**DATA BELOW**
---+---
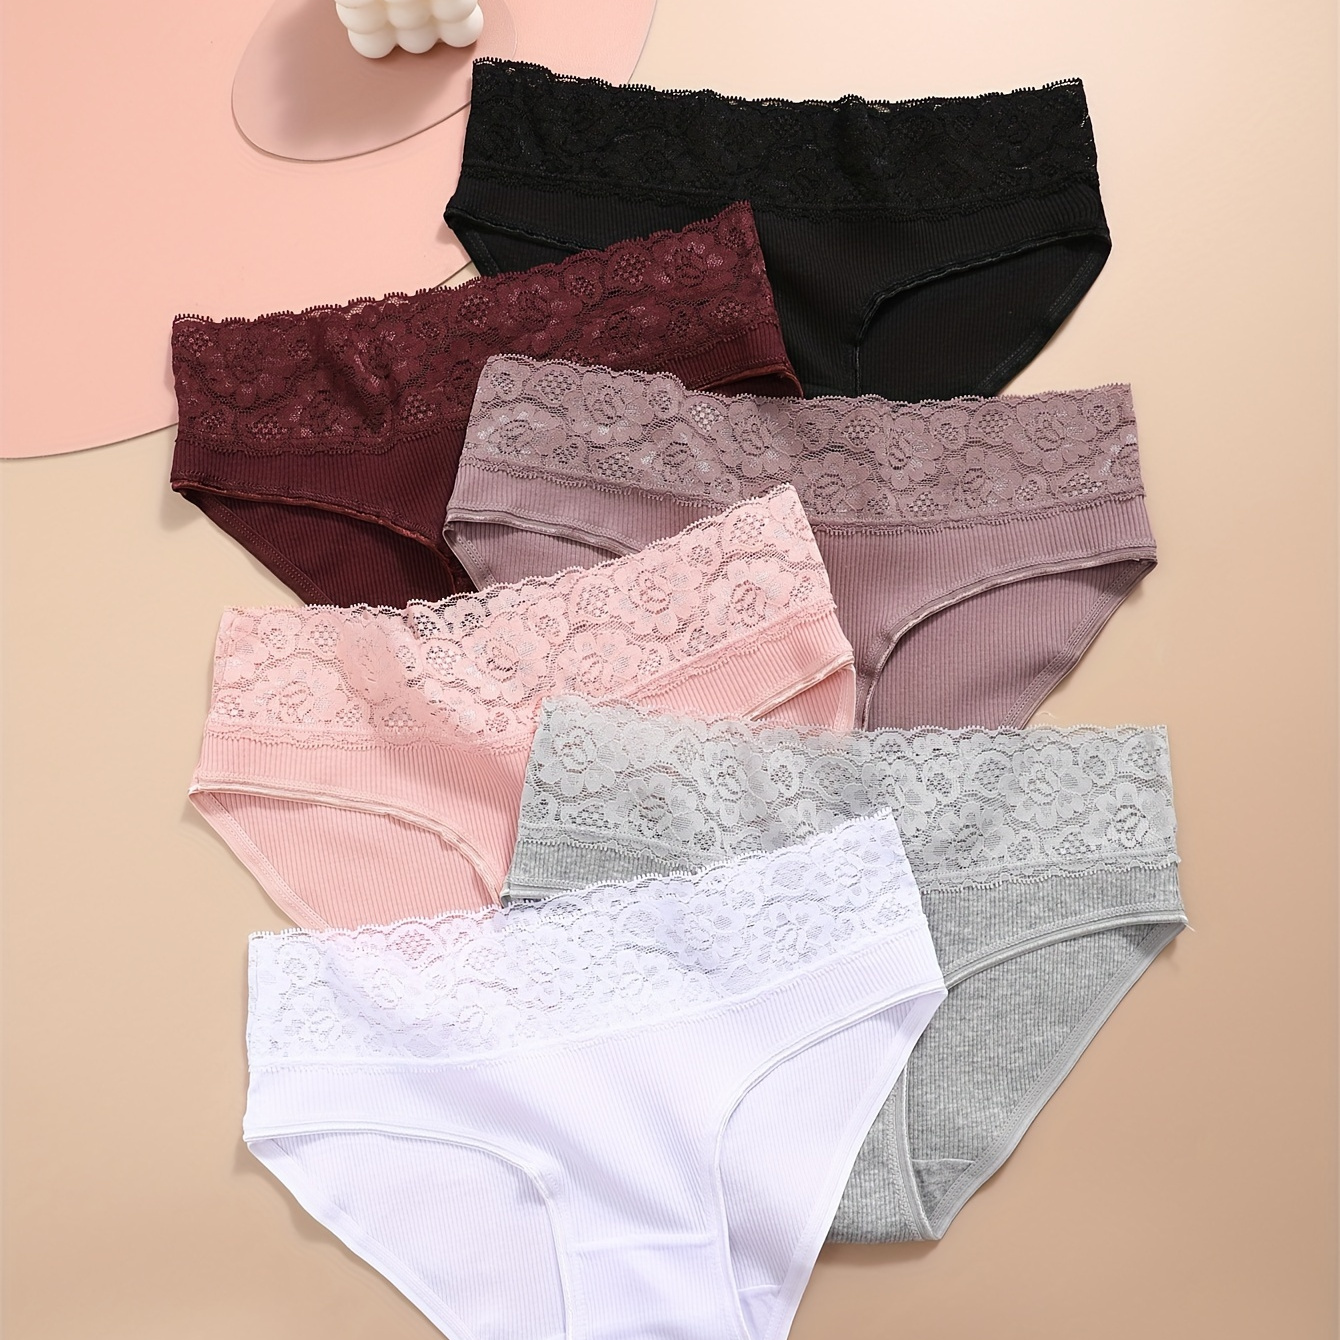 

6pcs Solid Lace Trim Briefs, Comfy Breathable Stretchy Intimates Panties, Women's Lingerie & Underwear
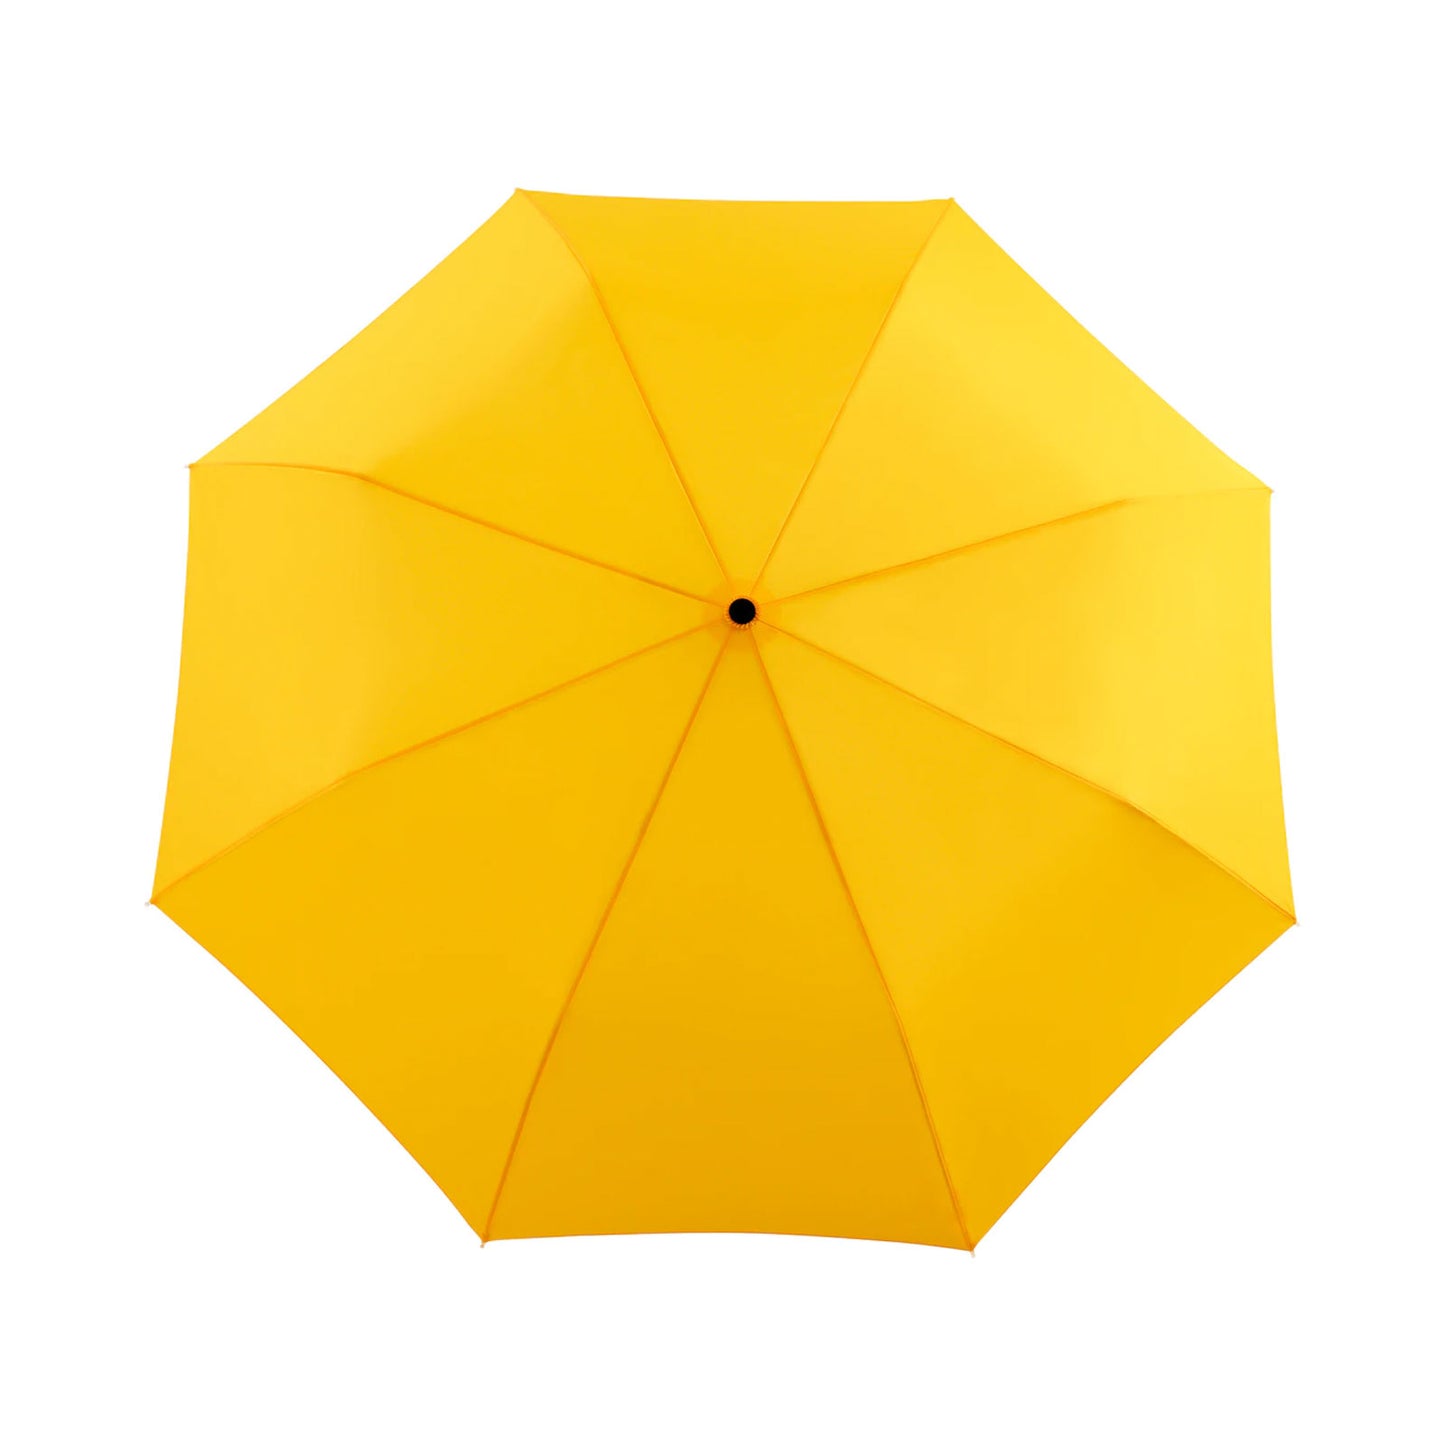 Original Duckhead Compact Umbrella, Yellow
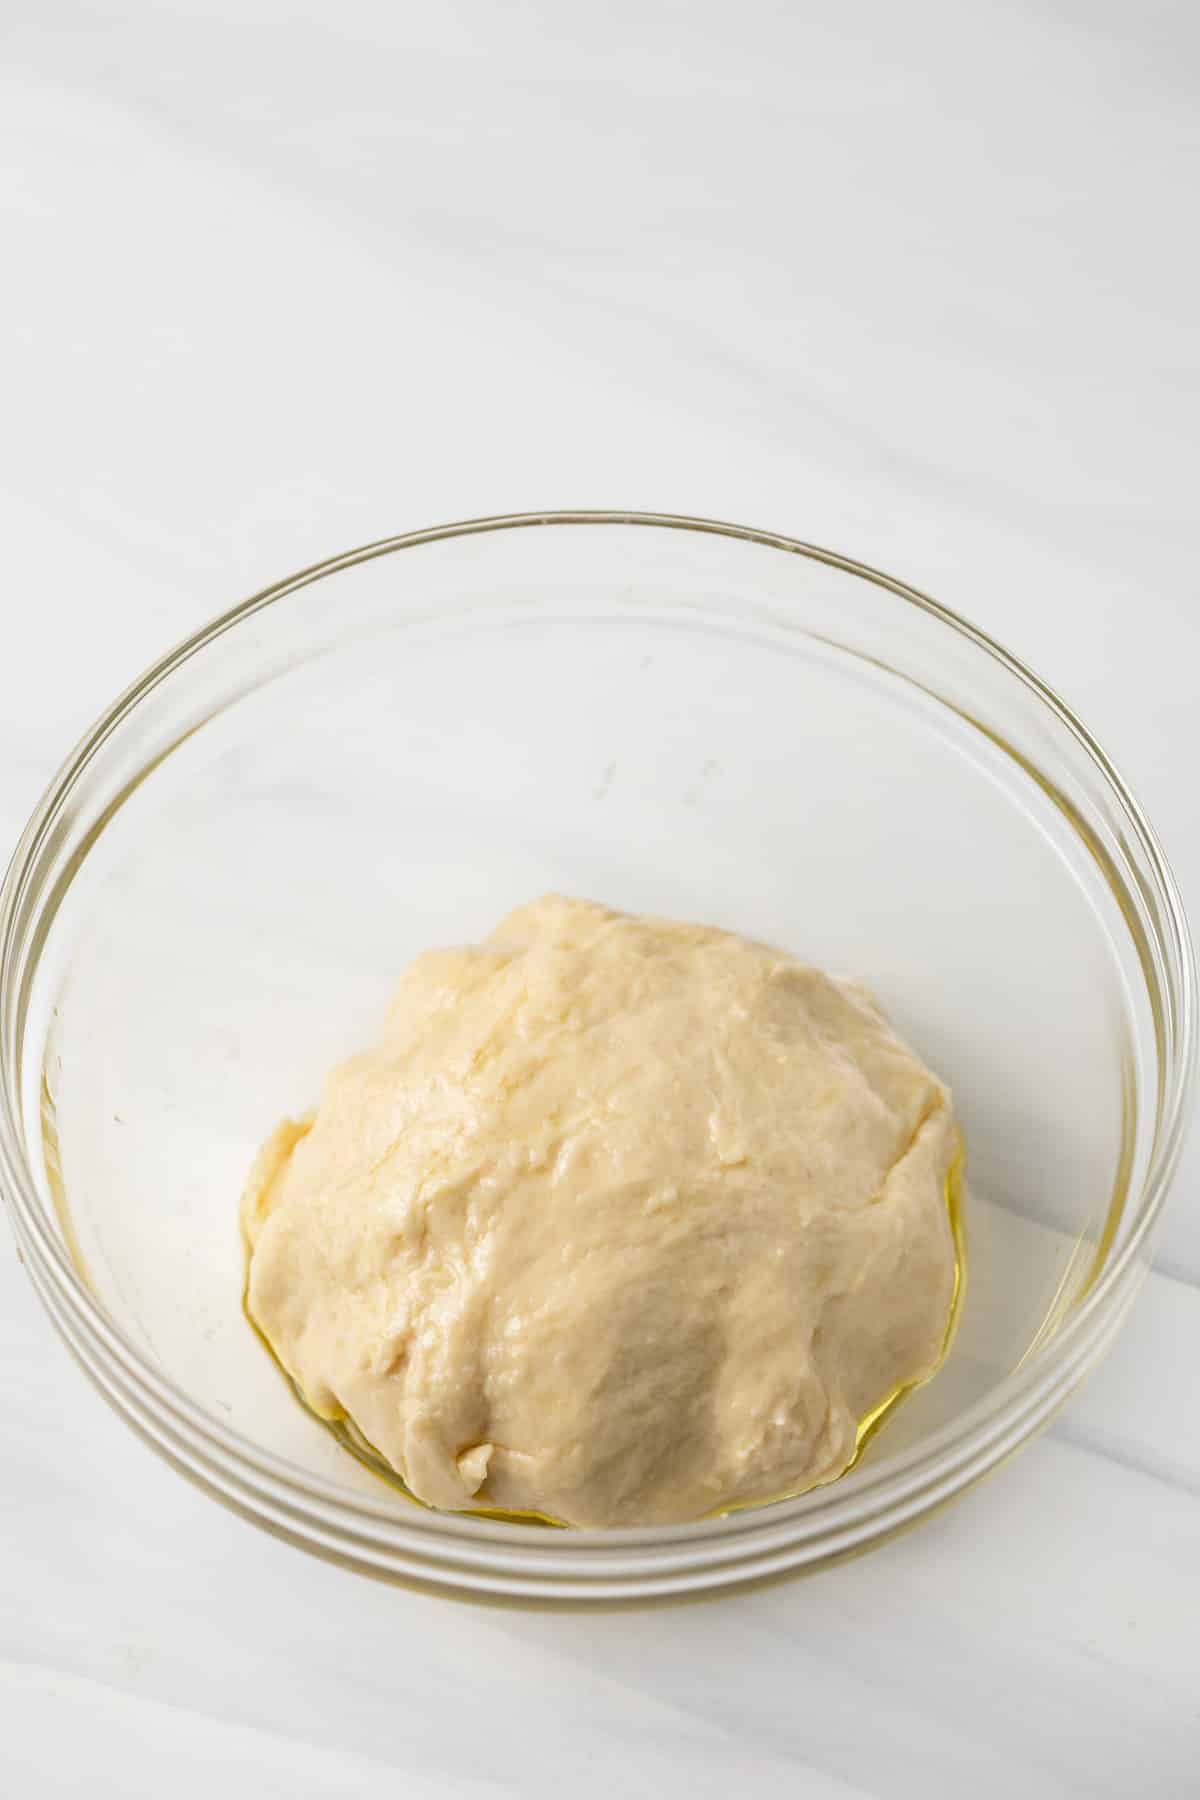 Strudel dough in a glass bowl.
---+---
**WORK TASK**
Copy each line above exactly. Images do not belong in the copy.

**RESULT**
6pcs Solid Lace Trim Briefs, Comfy Breathable Stretchy Intimates Panties, Women's Lingerie & Underwear
 Original Duckhead Compact Umbrella, Yellow
 Strudel dough in a glass bowl.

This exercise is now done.